In order to ameliorate this problem of academia and industry variation and the unemployment trend, our educational sector needs to undergo a rigorous structural reform to improve the quality of graduates we produce at every educational level.

Our curriculum should be geared towards creating an atmosphere of continuous innovation and improvement to the individual and the society at large through the very people who administer these courses rather leaving it in the hands of policy makers.

Educational surveys must be inculcated into industrial reviews and industrial requirements too must be infused into the educational system because the two must be congruent enough to provide mutual benefits.

As often said, the standard of education of a country cannot be higher than the quality of its teachers. In the stride to sustain and produce quality and responsible graduates, questions should be asked as to which kind of teacher is required and what should be done to produce teachers of that quality.

Good education can change anyone but a good teacher can change everything. We need good teachers and not just any teacher who will groom and train our future leaders into robots who only act on instructions.

Dr. Ben Carson was not academically good through elementary school, yet today he is an inspiration to a lot because he made it in life.
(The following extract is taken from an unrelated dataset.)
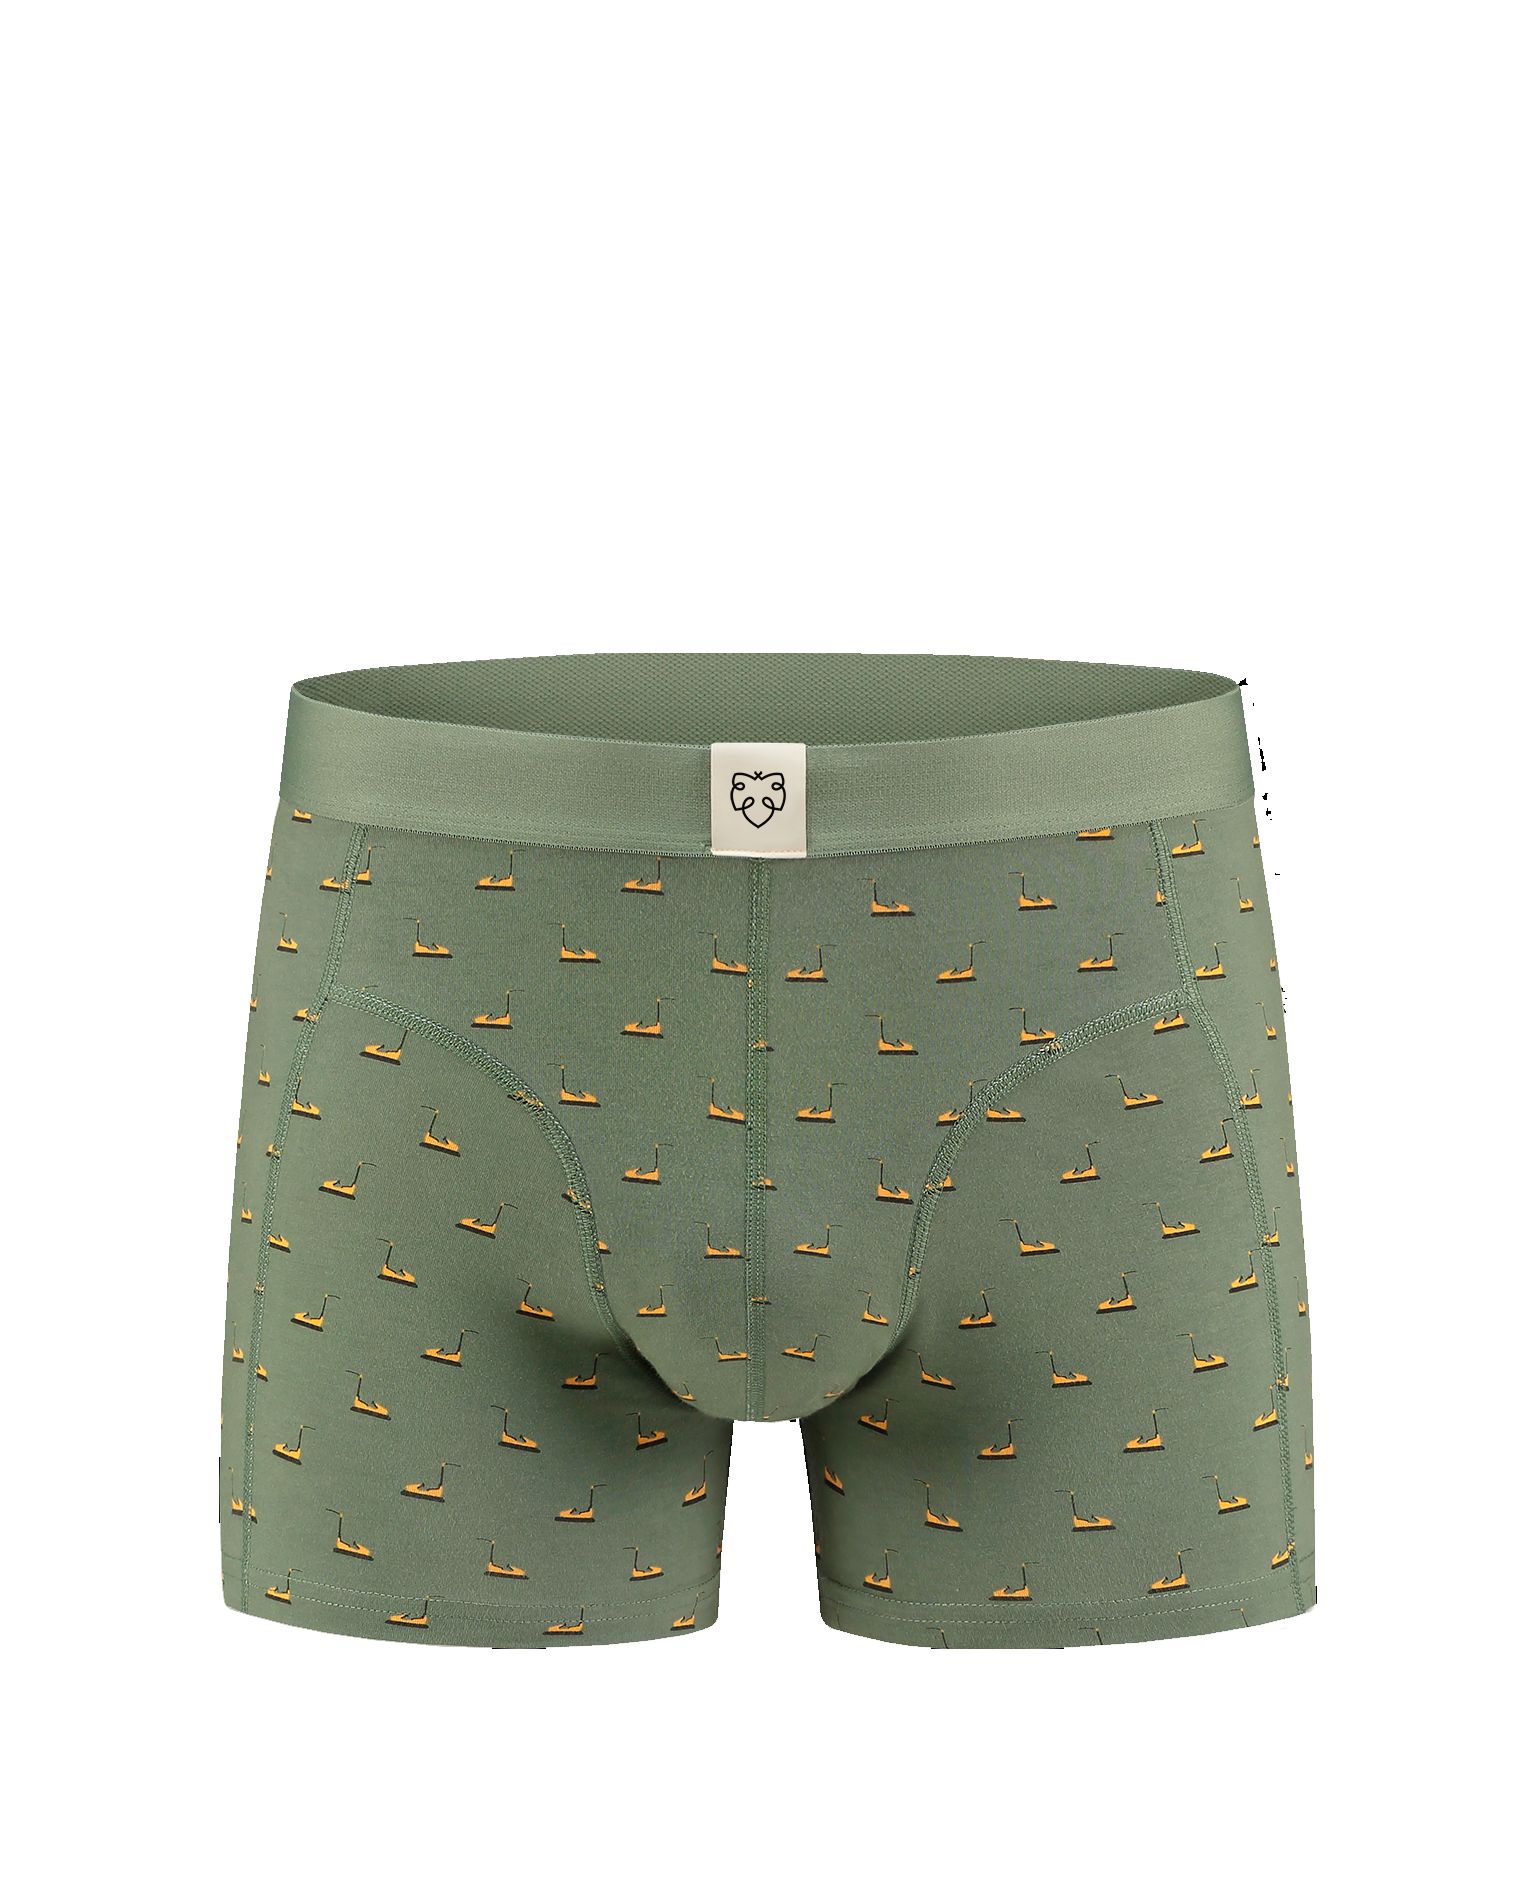 Frank Underwear A-Dam - 2749 - Underwear - Jerone.com

Bill Gates never completed the university but became the richest man in the world. All these are indications that examinations and high academic laurels should not be our focus; quality should be the pride of our workmanship. Innovation and imagination is what will continue to bring forward unprecedented levels of achievement in terms of our mastery over our natural resources.

To move forward as a nation and productively utilize our human resource base, the quality of our education for the upcoming and existing populace must be essential to industry. Focus must move from competition to collaboration in the academic sphere. It’s not enough to know. Use the knowledge to better society.

By Pascalina Abadum

The writer is a graduate of the Kwame Nkrumah University of Science and Technology (KNUST).